**MATERIAL PROVIDED:**
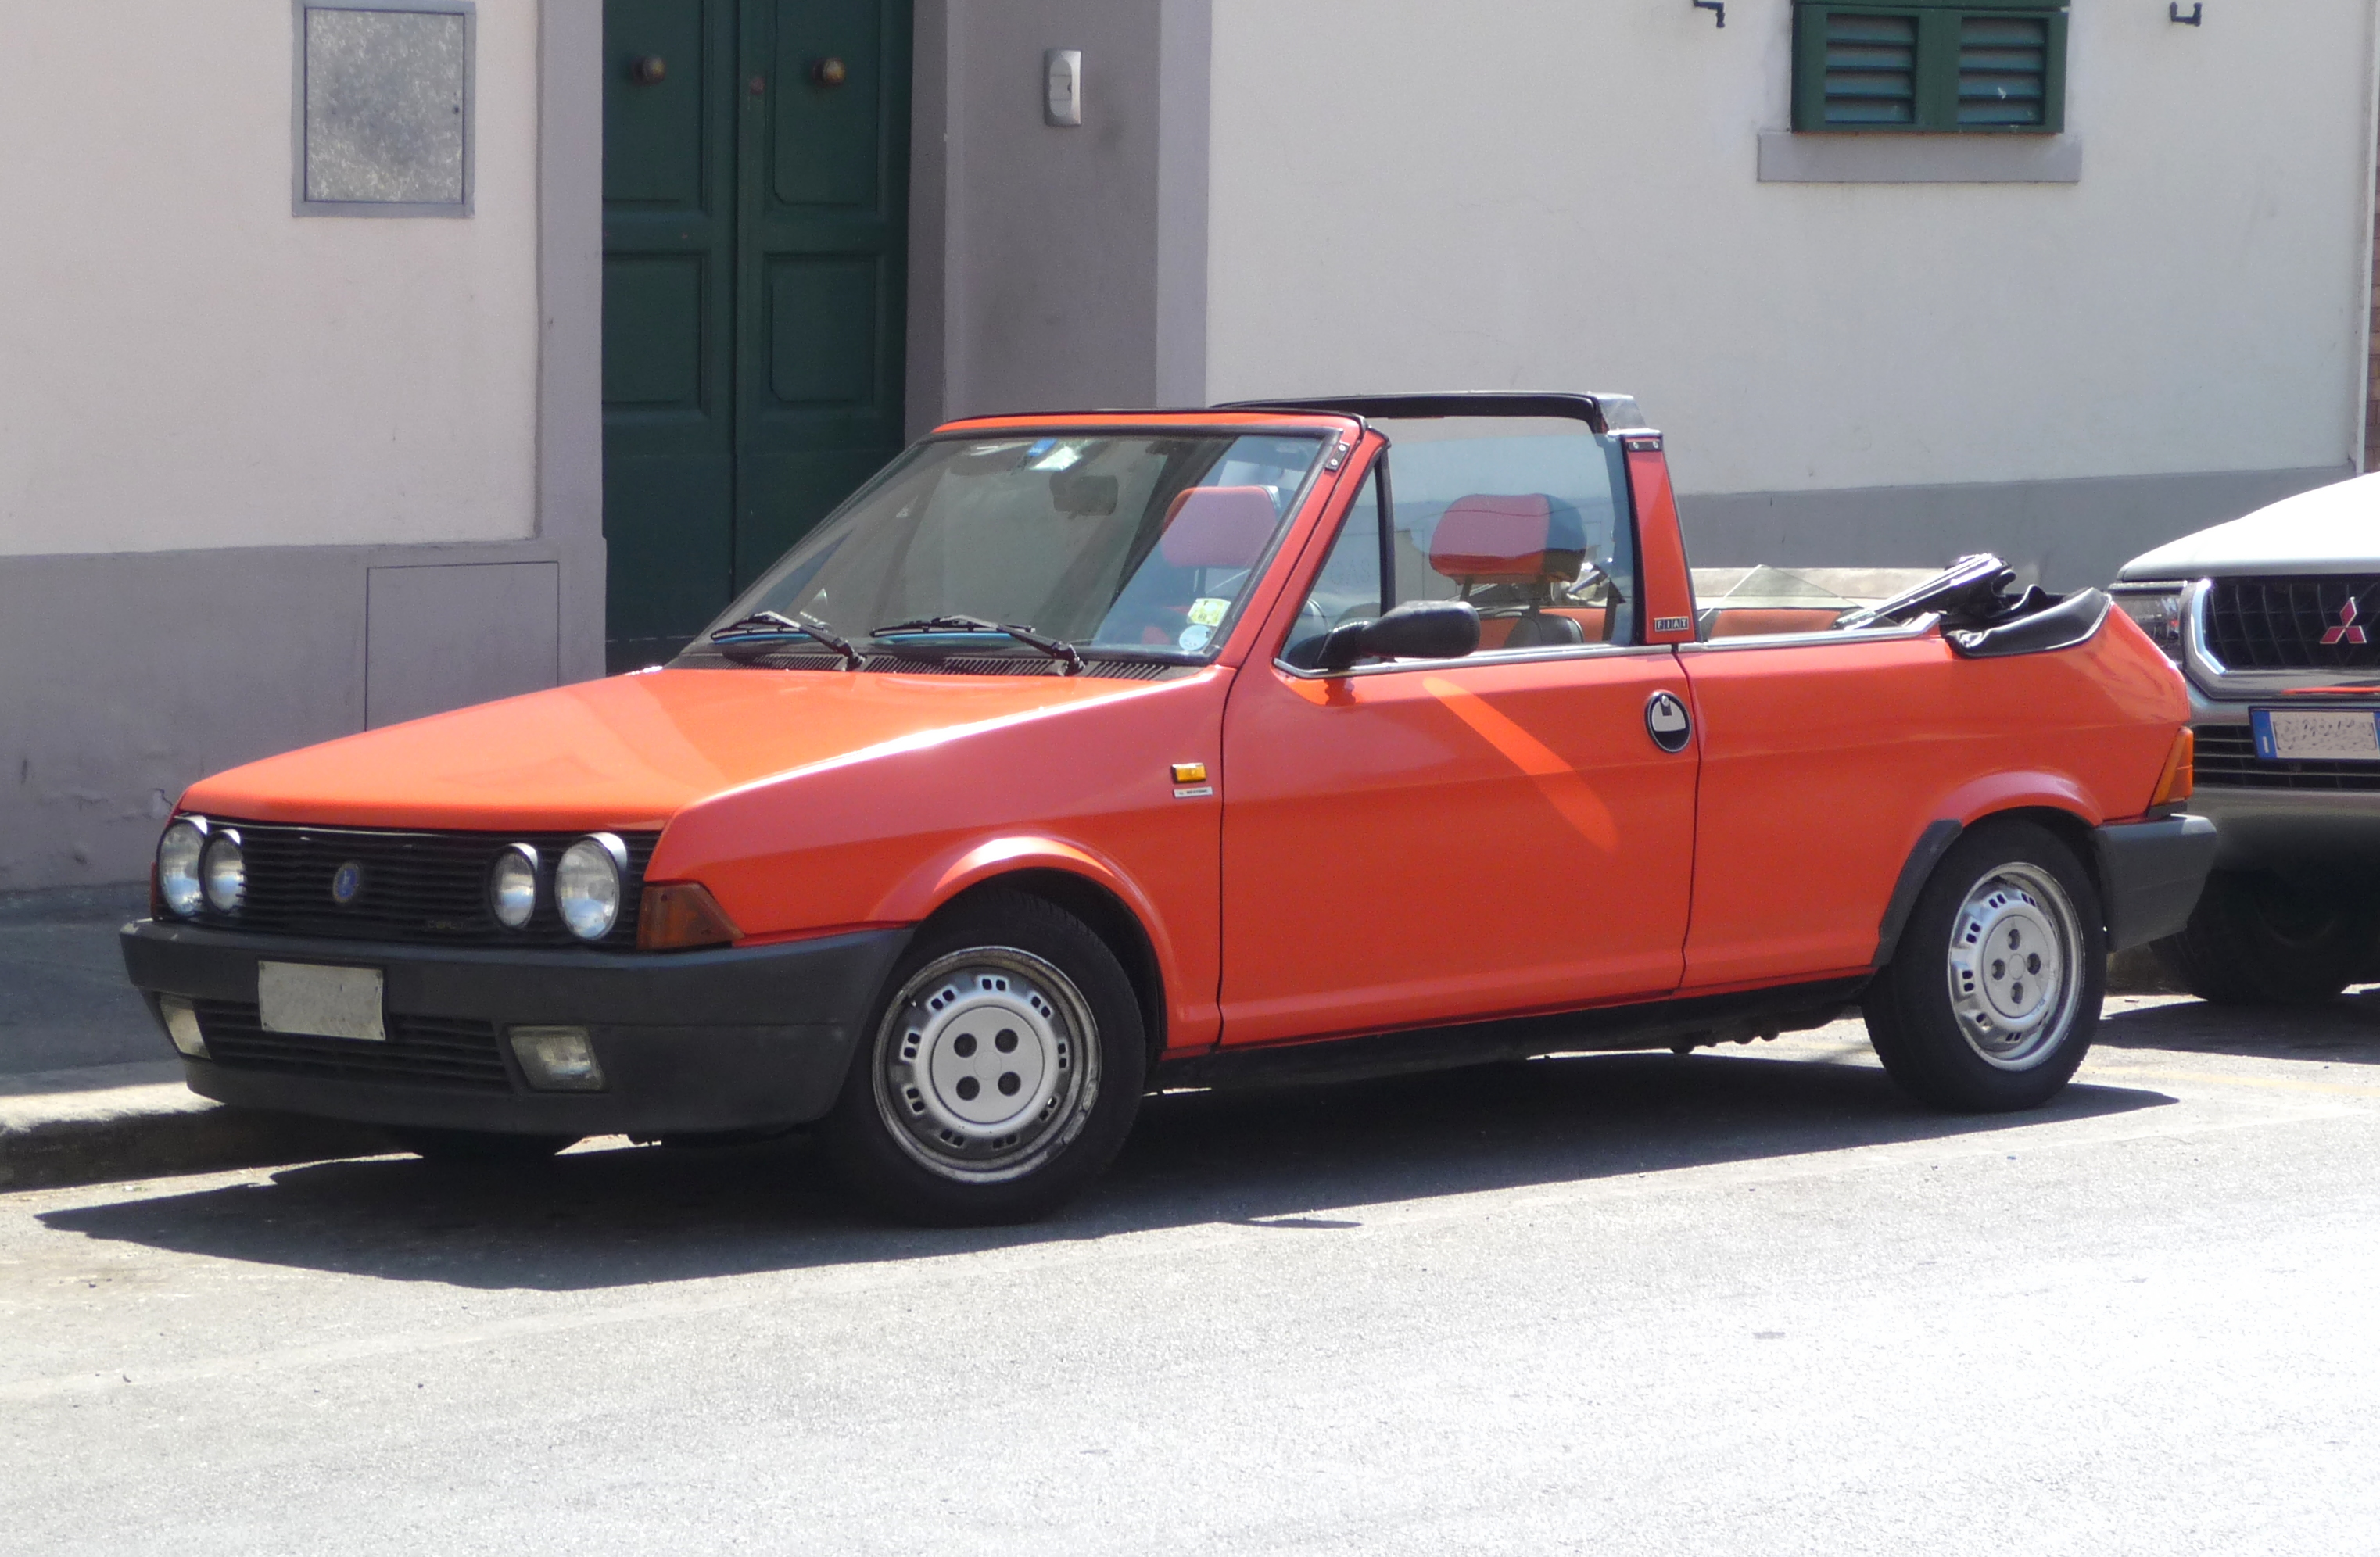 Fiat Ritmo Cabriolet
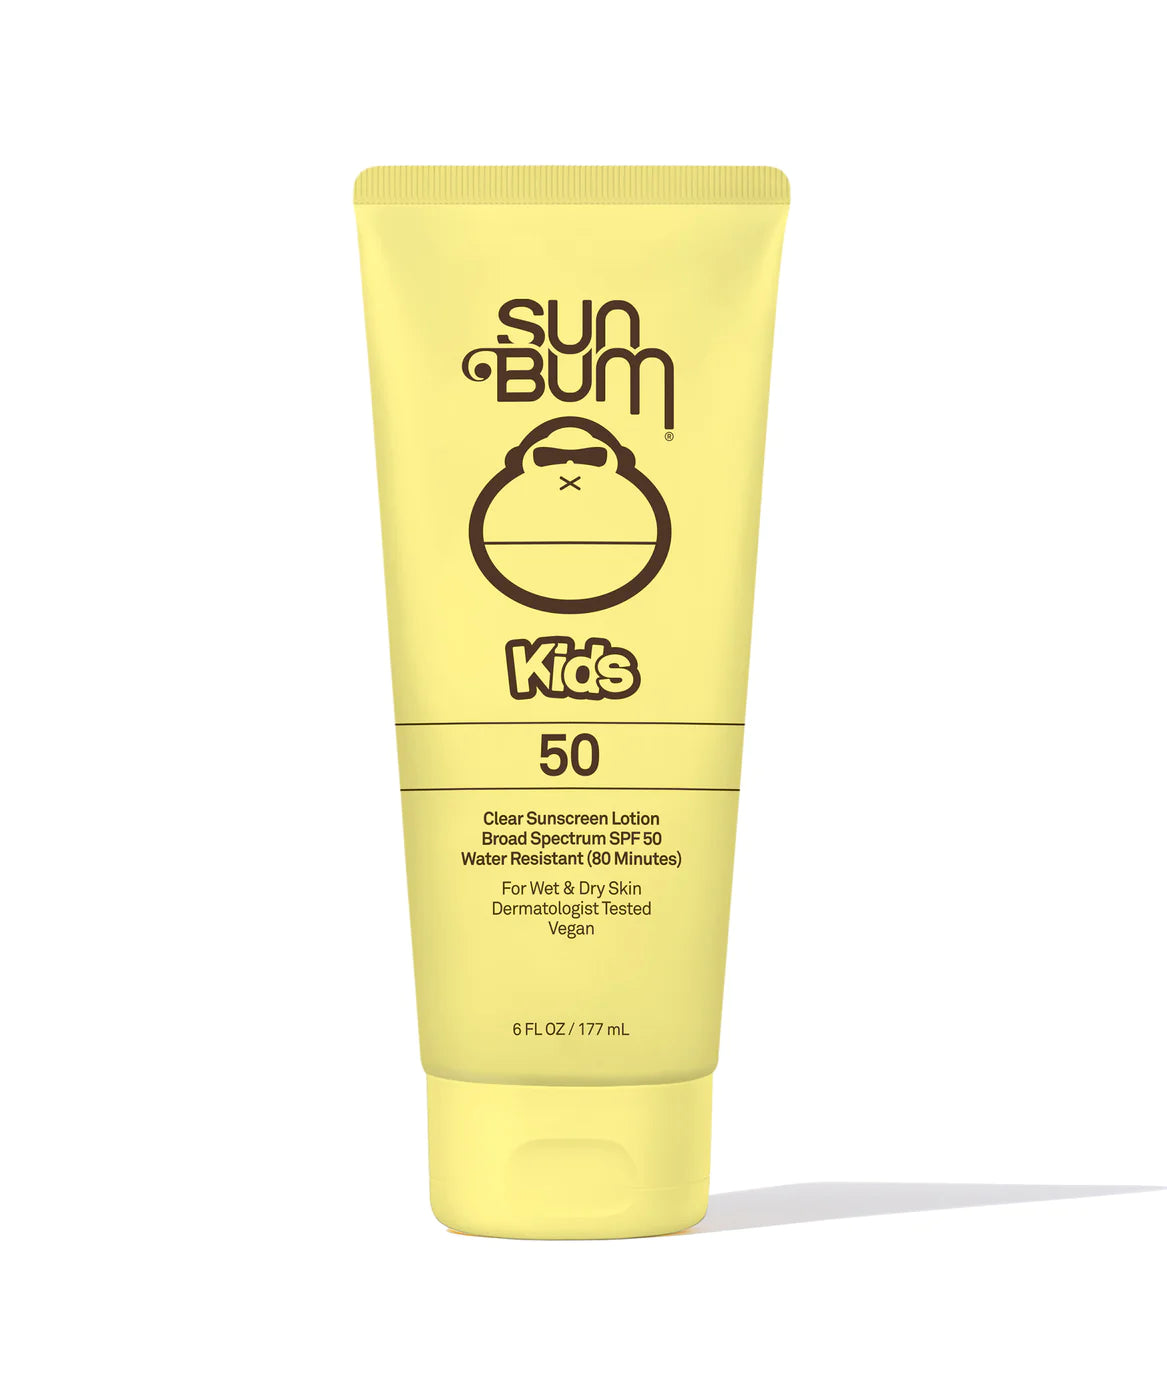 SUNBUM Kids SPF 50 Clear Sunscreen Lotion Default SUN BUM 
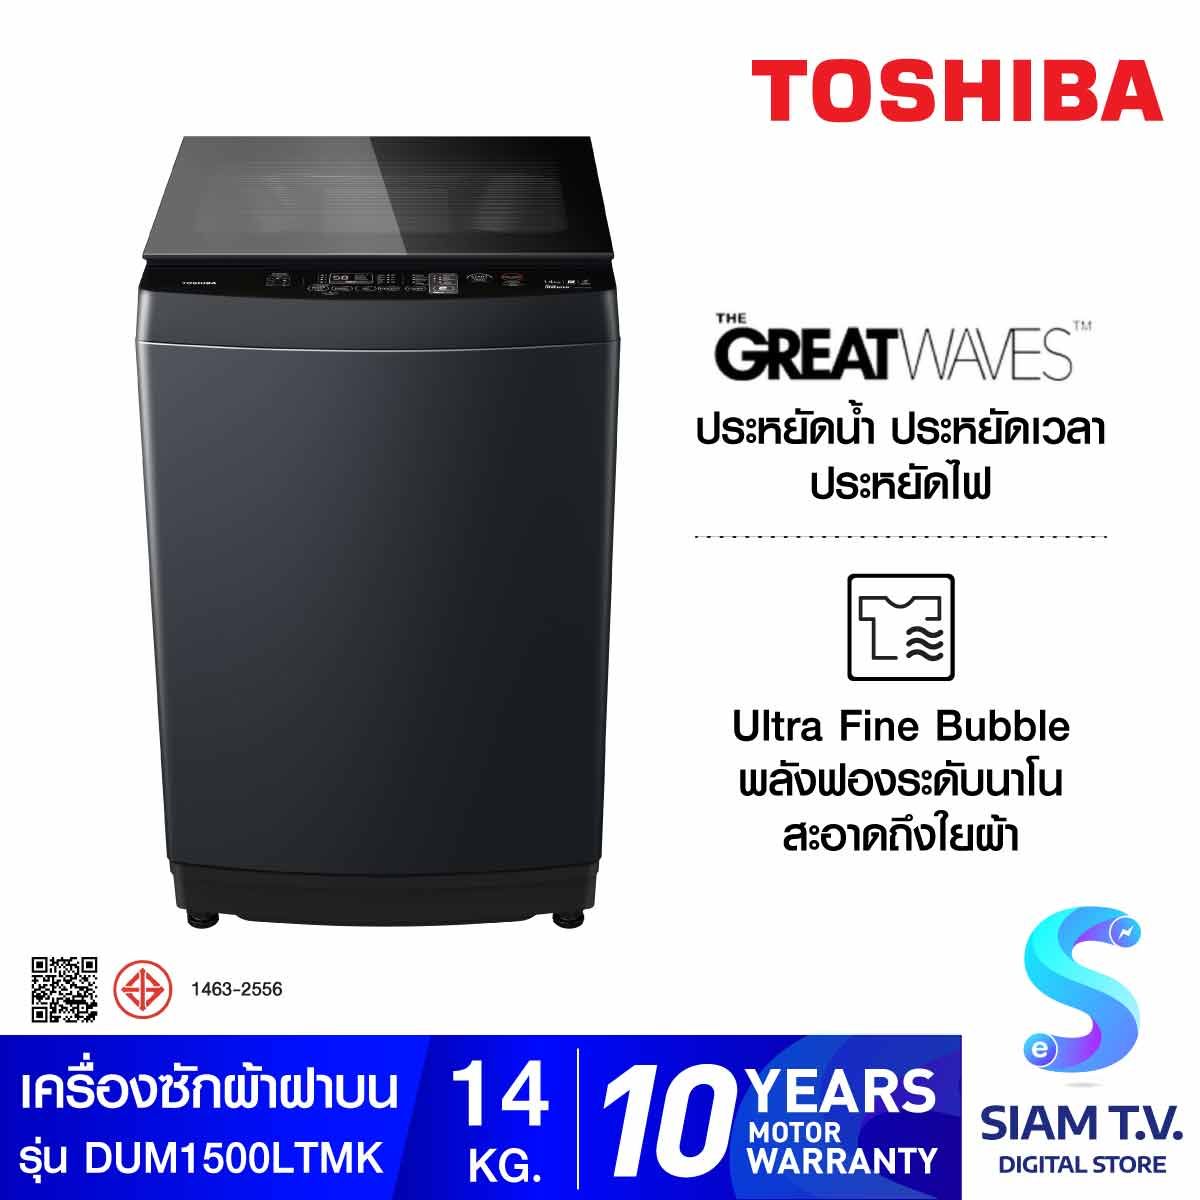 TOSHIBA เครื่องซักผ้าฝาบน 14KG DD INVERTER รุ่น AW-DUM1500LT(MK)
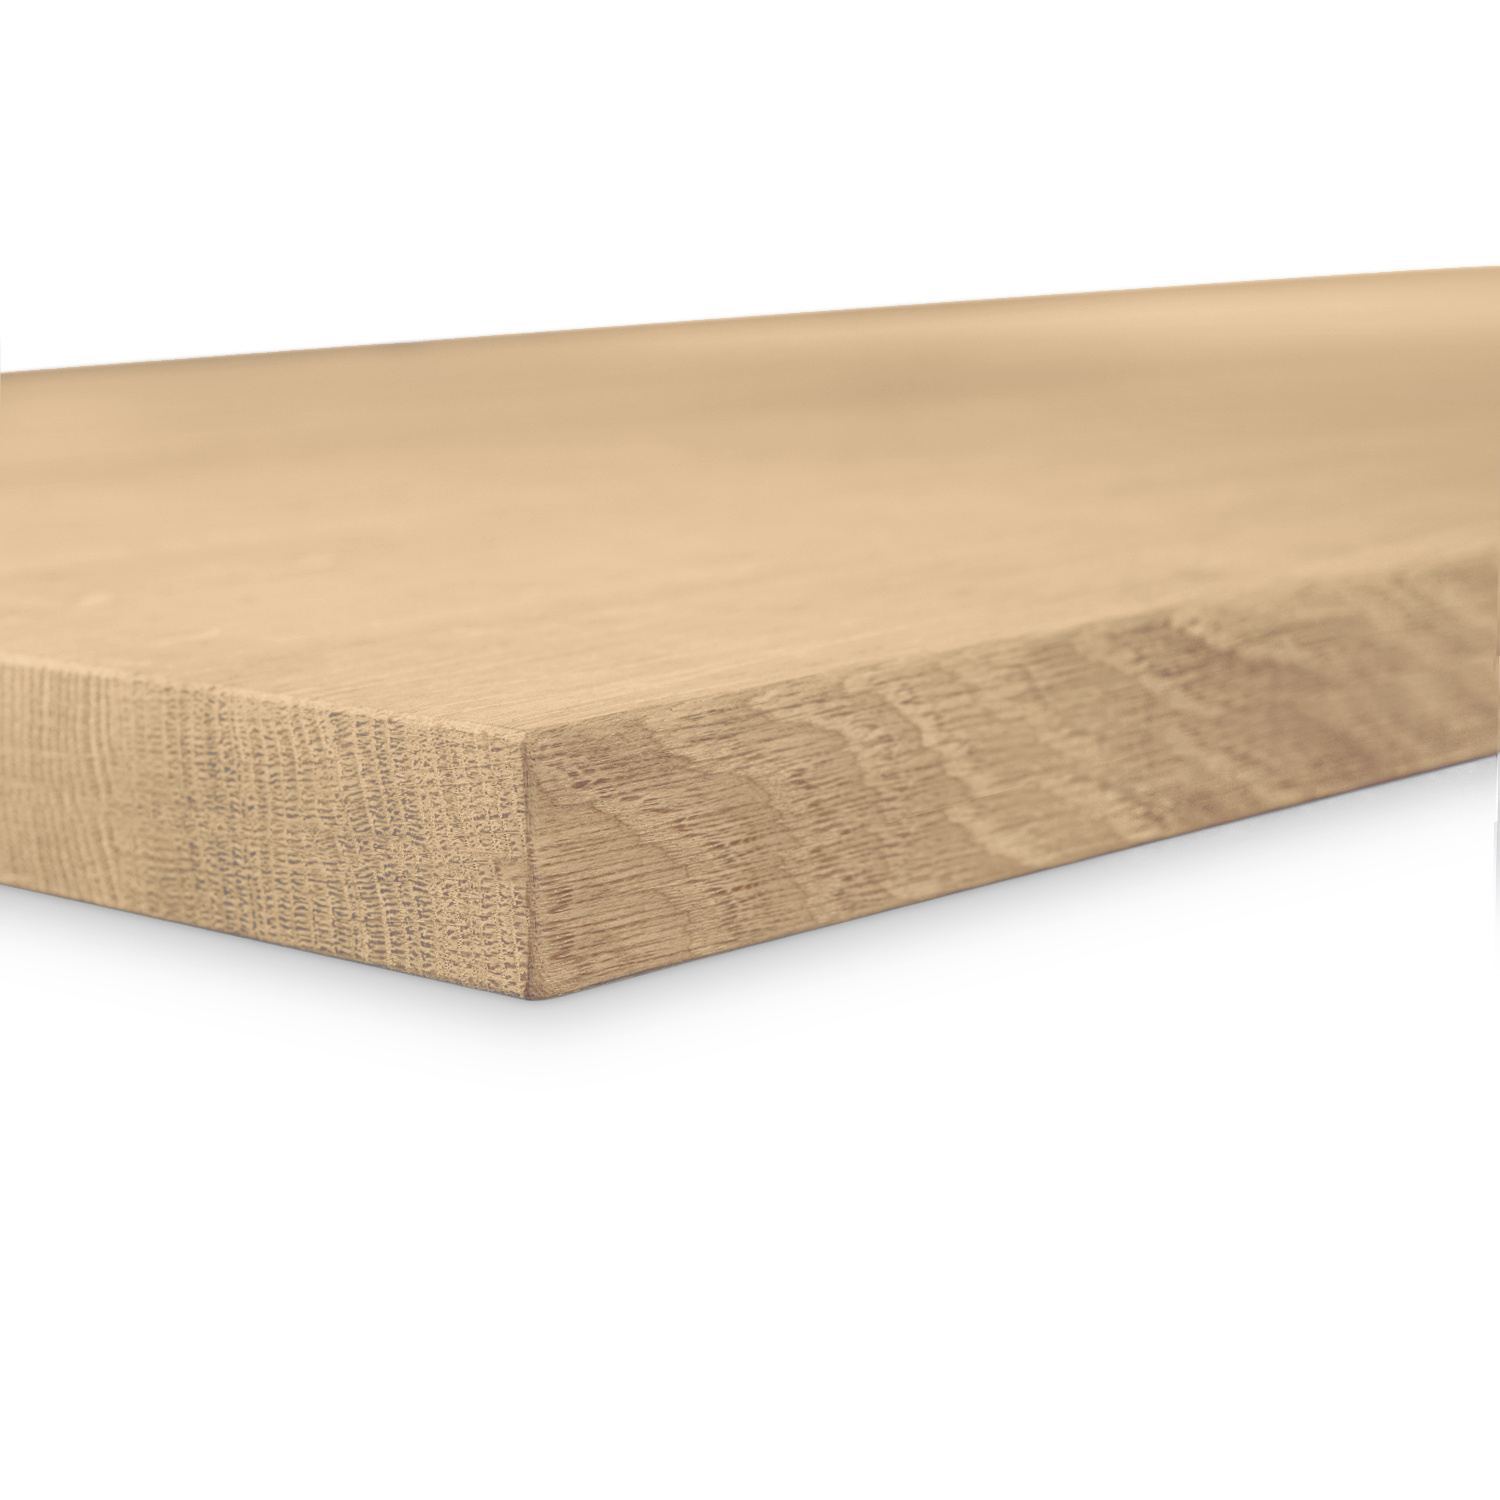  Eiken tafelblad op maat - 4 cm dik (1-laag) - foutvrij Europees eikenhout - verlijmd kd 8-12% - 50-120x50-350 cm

**TASK ITEM:**
A verbatim copy of the material, pictures excluded, is what must be produced.

**YOUR SOLUTION:**
 Fiat Ritmo Cabriolet
 SUNBUM Kids SPF 50 Clear Sunscreen Lotion Default SUN BUM 
 TOSHIBA เครื่องซักผ้าฝาบน 14KG DD INVERTER รุ่น AW-DUM1500LT(MK)
  Eiken tafelblad op maat - 4 cm dik (1-laag) - foutvrij Europees eikenhout - verlijmd kd 8-12% - 50-120x50-350 cm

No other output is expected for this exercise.